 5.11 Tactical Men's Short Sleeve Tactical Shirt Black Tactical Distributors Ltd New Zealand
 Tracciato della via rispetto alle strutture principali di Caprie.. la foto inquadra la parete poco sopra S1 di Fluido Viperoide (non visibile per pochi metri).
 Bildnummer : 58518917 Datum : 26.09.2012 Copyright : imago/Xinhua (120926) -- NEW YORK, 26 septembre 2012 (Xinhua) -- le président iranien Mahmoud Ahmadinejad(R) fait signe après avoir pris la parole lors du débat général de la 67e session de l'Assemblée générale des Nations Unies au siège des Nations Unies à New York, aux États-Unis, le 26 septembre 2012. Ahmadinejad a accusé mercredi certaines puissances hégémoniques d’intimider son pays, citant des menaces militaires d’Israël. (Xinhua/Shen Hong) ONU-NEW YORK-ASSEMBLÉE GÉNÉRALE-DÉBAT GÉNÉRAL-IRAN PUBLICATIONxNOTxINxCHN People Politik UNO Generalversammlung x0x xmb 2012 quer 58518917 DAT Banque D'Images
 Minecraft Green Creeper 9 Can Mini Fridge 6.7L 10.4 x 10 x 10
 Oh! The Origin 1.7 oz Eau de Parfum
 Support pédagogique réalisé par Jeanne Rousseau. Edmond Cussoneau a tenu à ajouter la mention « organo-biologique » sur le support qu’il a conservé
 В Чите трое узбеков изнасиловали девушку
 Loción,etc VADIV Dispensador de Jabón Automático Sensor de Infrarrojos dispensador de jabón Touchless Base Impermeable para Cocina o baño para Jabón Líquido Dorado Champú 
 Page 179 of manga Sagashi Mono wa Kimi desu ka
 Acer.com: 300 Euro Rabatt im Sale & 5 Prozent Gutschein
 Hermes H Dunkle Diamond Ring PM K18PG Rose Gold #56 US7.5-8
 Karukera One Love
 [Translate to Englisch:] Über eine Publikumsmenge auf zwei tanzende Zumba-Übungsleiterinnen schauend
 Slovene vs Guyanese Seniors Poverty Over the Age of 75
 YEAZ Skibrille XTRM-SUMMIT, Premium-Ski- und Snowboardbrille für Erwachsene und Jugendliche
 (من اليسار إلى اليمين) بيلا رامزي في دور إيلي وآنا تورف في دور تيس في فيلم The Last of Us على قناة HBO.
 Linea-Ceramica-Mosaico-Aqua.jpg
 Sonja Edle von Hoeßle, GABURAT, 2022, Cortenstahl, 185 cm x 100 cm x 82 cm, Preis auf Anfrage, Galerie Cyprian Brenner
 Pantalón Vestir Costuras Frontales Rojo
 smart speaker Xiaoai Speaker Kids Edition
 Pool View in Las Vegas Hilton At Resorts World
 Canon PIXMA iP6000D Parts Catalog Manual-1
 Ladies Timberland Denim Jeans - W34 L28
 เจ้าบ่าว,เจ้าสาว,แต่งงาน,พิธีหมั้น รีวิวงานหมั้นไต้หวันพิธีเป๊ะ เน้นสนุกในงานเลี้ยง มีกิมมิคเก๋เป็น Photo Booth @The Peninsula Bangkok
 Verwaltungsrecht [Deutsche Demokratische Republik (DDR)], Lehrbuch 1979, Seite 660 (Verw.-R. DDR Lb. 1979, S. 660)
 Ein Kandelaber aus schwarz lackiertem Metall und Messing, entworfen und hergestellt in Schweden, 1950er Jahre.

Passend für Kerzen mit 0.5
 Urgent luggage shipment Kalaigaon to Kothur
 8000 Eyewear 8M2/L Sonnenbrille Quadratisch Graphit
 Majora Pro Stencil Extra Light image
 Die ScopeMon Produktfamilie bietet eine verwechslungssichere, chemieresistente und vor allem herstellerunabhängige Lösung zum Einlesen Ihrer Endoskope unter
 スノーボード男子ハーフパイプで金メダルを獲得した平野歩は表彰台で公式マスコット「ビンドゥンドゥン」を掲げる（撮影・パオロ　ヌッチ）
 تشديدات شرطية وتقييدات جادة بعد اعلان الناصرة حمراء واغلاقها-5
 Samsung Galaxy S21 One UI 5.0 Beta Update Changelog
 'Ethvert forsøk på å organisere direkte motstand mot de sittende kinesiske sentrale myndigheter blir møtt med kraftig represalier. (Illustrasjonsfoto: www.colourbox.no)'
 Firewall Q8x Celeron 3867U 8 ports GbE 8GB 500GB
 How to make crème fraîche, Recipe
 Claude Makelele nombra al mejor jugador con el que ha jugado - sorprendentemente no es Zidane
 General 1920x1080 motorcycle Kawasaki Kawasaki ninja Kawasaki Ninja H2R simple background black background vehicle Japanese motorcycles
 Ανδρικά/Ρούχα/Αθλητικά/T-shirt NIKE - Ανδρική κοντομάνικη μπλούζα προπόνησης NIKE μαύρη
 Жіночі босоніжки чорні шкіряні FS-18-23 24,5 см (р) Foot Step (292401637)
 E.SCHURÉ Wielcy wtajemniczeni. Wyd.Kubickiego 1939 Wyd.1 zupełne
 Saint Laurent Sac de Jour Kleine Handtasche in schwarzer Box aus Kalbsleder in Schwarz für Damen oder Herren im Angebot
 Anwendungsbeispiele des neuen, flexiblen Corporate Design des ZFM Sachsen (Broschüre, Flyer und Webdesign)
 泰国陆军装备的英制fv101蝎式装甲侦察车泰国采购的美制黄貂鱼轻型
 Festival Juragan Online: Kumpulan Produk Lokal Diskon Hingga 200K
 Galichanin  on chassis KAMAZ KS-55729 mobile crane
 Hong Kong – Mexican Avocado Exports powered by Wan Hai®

================

WHAT YOU ARE ASKED TO DO
Reproduce the lines of the entries above from the one with "Saint Laurent Sac" to the one with "Festival Juragan Online: Kumpulan", both included, exactly and without any other line.

EXERCISE SOLUTION
 Saint Laurent Sac de Jour Kleine Handtasche in schwarzer Box aus Kalbsleder in Schwarz für Damen oder Herren im Angebot
 Anwendungsbeispiele des neuen, flexiblen Corporate Design des ZFM Sachsen (Broschüre, Flyer und Webdesign)
 泰国陆军装备的英制fv101蝎式装甲侦察车泰国采购的美制黄貂鱼轻型
 Festival Juragan Online: Kumpulan Produk Lokal Diskon Hingga 200K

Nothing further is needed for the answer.